L'OTAN appelle l'armée turque à la "retenue" au Kurdistan irakien

10 juillet 2007 - ISTANBUL CORRESPONDANCE

Le secrétaire général de l'OTAN, Jaap de Hoop Scheffer, en visite mardi 12 juin à Ankara, a demandé à la Turquie de "faire preuve d'une retenue maximale" dans sa lutte contre les séparatistes kurdes du Parti des travailleurs du Kurdistan (PKK), à l'issue d'une entrevue avec le ministre turc des affaires étrangères, Abdullah Gül.
Tout en soulignant que "l'OTAN exprime sa solidarité et (qu')elle est impliquée dans la guerre contre le terrorisme", M. de Hoop Scheffer a rejeté l'idée d'une action de l'OTAN contre les séparatistes kurdes en territoire irakien.

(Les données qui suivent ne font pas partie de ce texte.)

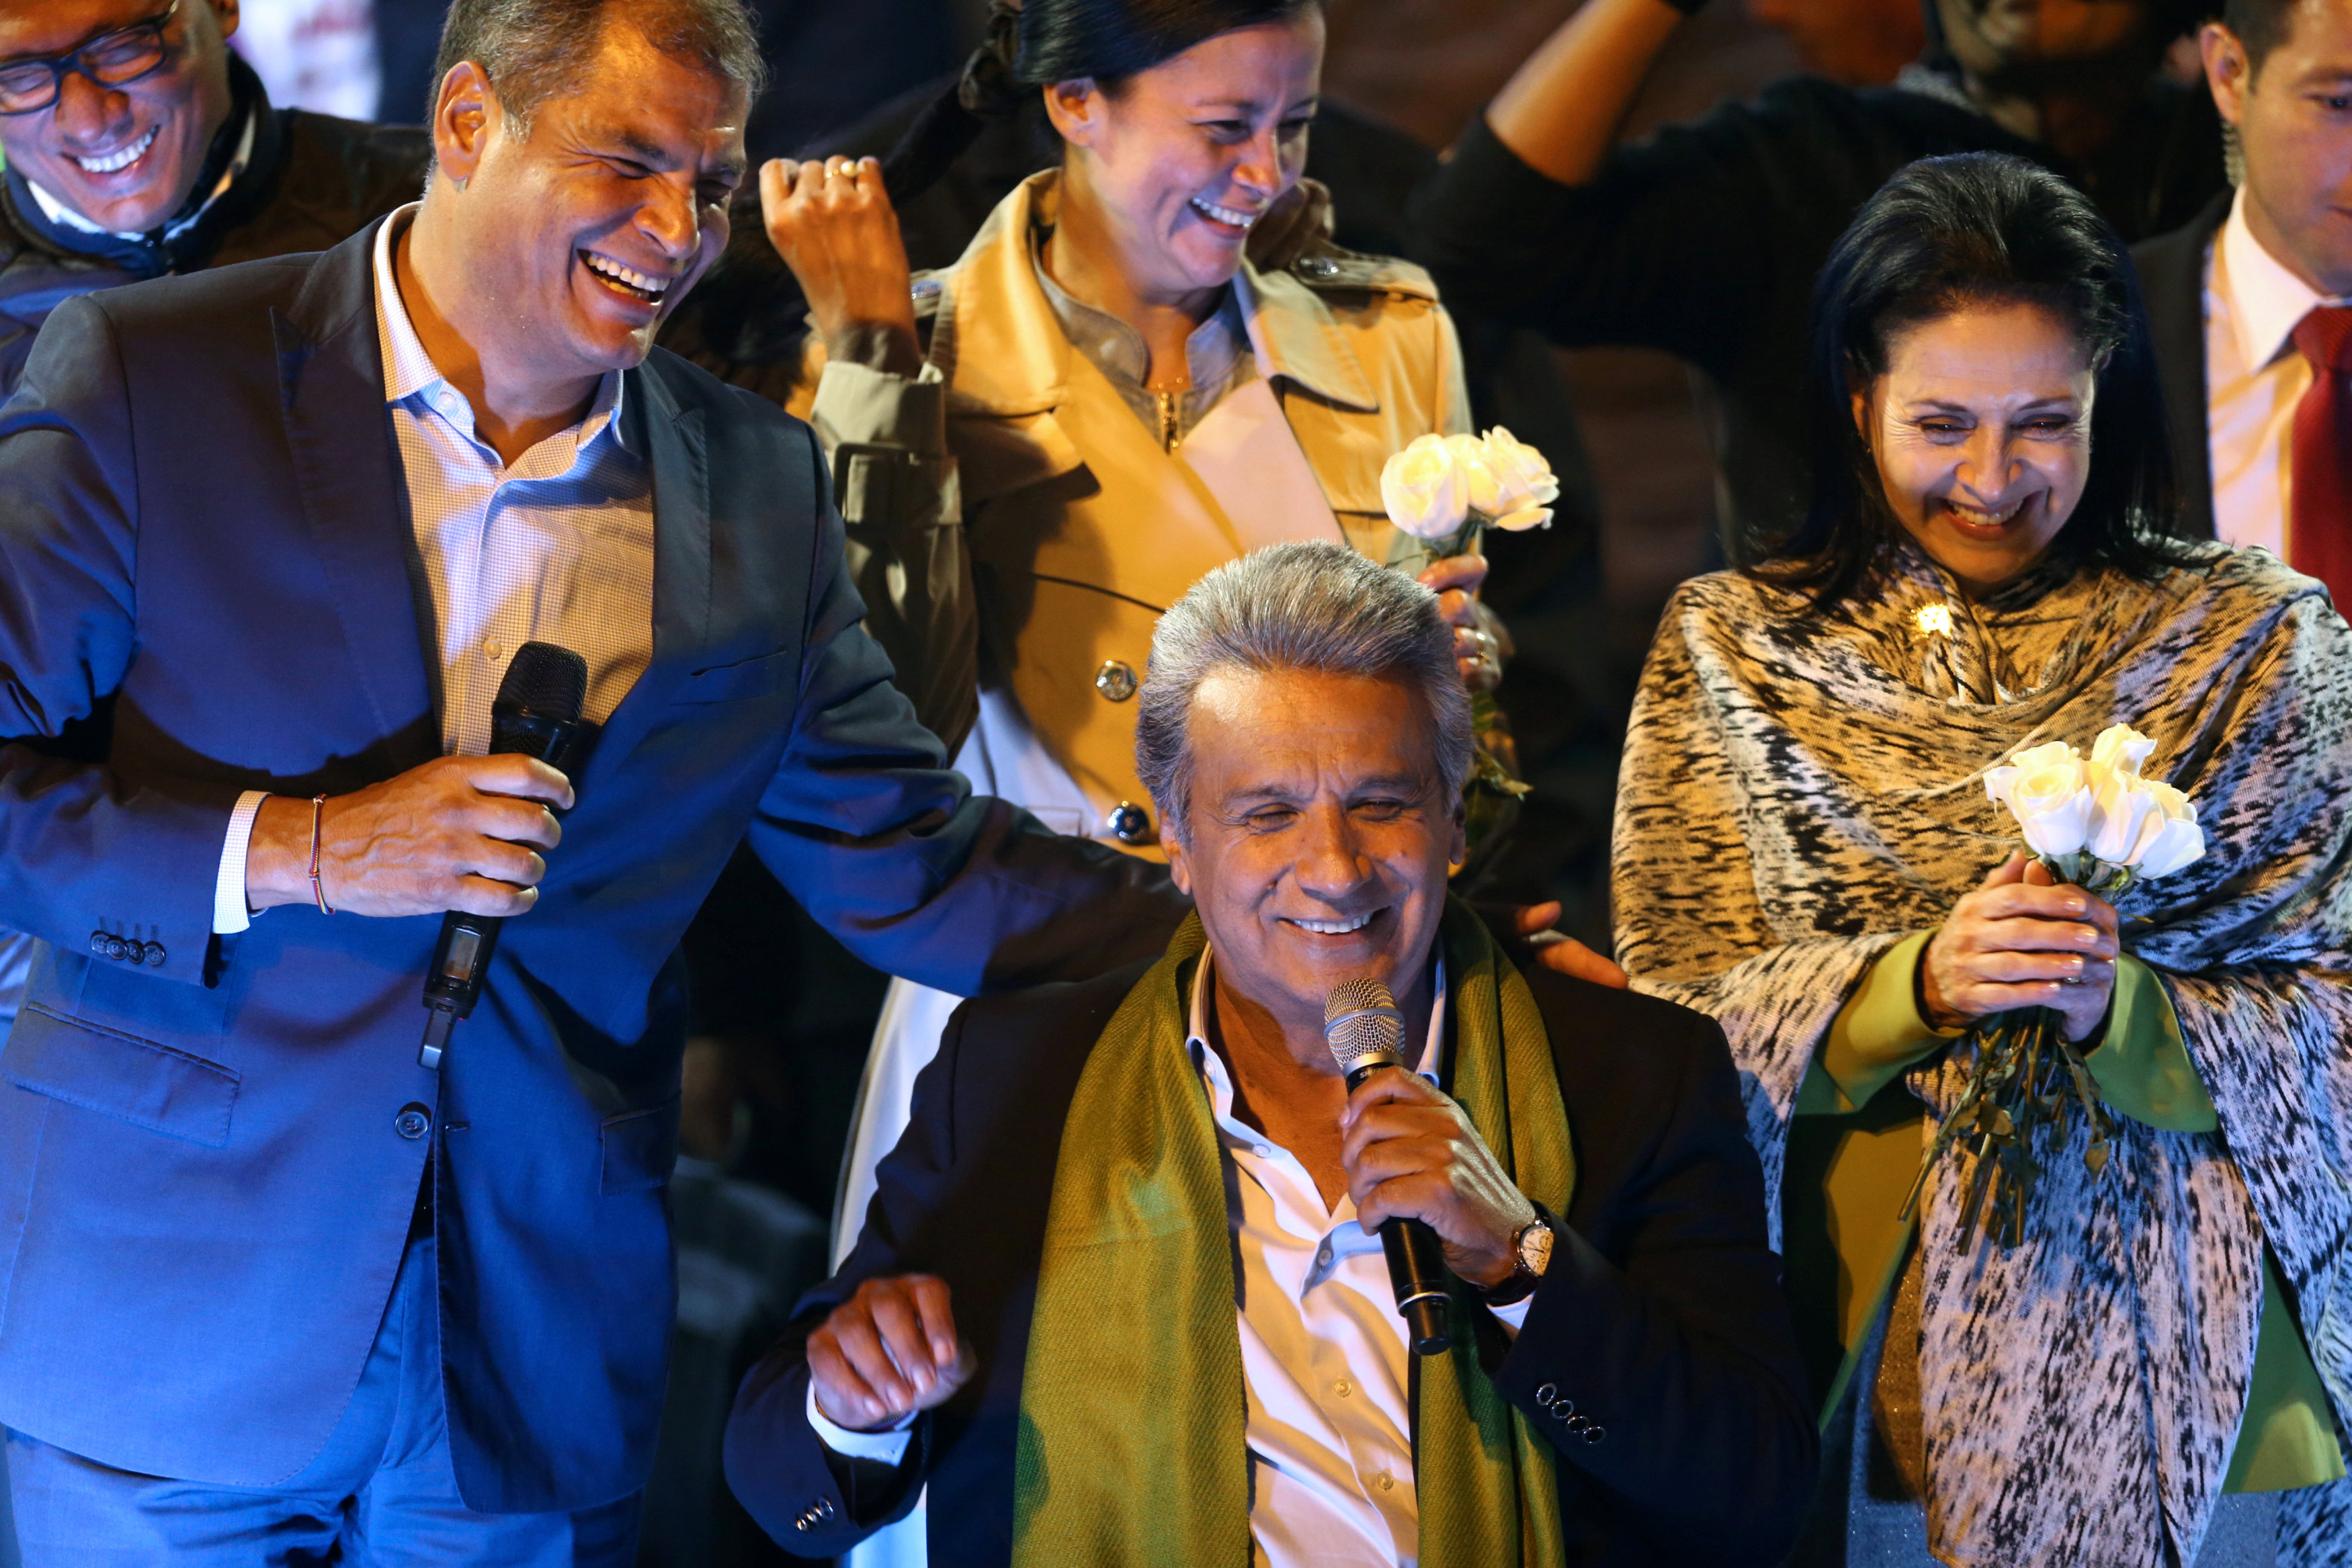 Ecuadorian presidential candidate Lenin Moreno (C) celebrates alongside Ecuadorian President Rafael Correa (L) and his wife Rocio Gonzalez during a national election day in a hotel, in Quito on April 2, 2017. (REUTERS/Mariana Bazo)

Cet appel à la modération et à une solution diplomatique aura sans doute fait grincer des dents dans les rangs de l'état-major turc, à un moment où les relations avec Washington et avec l'organisation atlantique sont plutôt fraîches. Même si le département d'Etat a fermement rappelé, mardi, que "le PKK est une organisation terroriste", l'armée turque reproche à son allié américain son inaction contre le PKK en Irak. Selon Ankara, au moins 3 500 rebelles seraient stationnés dans les montagnes de la province autonome irakienne du Kurdistan, avec la bénédiction des autorités kurdes locales.

RÉUNION STRATÉGIQUE

Le premier ministre turc, Recep Tayyip Erdogan, a lui aussi estimé que l'opération en Irak, préparée depuis plusieurs semaines et réclamée par l'état-major et le principal parti d'opposition, le CHP (Parti républicain du peuple, gauche nationaliste), n'avait aucun caractère d'urgence. "La lutte à l'intérieur du pays est-elle terminée pour que nous allions nous occuper maintenant de l'Irak ?", s'est-il interrogé devant un parterre de journalistes, insistant sur la guerre que la Turquie doit mener sur son propre territoire.

Des dizaines de milliers de soldats quadrillent déjà le sud-est de la Turquie, à majorité kurde et proche de la frontière irakienne. Les combats et les attaques contre des convois militaires ont fait 125 morts depuis le début de l'année, dont une cinquantaine parmi les forces de sécurité.

Pour le chef du gouvernement, qui a présidé, mardi soir, une réunion stratégique avec les chefs de l'état-major des armées sur la réponse à apporter au PKK, une intervention en Irak serait inopportune, à quelques semaines des élections législatives prévues le 22 juillet et préparées dans la plus grande confusion. Même si, officiellement, "le gouvernement et les forces armées turques mènent la bataille contre le terrorisme en totale harmonie", selon le communiqué officiel publié à l'issue de la réunion.

De leur côté, les rebelles kurdes ont voulu lancer un signal, mardi, en décrétant, à la surprise générale, un "cessez-le-feu unilatéral". "Nous renouvelons nos appels à cesser les attaques contre l'armée turque. Nous voulons la paix et nous sommes prêts à négocier, a rapporté Abdul Rahman Chaderchi, l'un des dirigeants du PKK côté irakien. Mais si nous sommes attaqués, nous nous battrons et nous aurons la capacité de répondre à toute agression turque."

A de nombreuses reprises déjà, le PKK a appelé à des cessez-le-feu, mais généralement sans être pris au sérieux.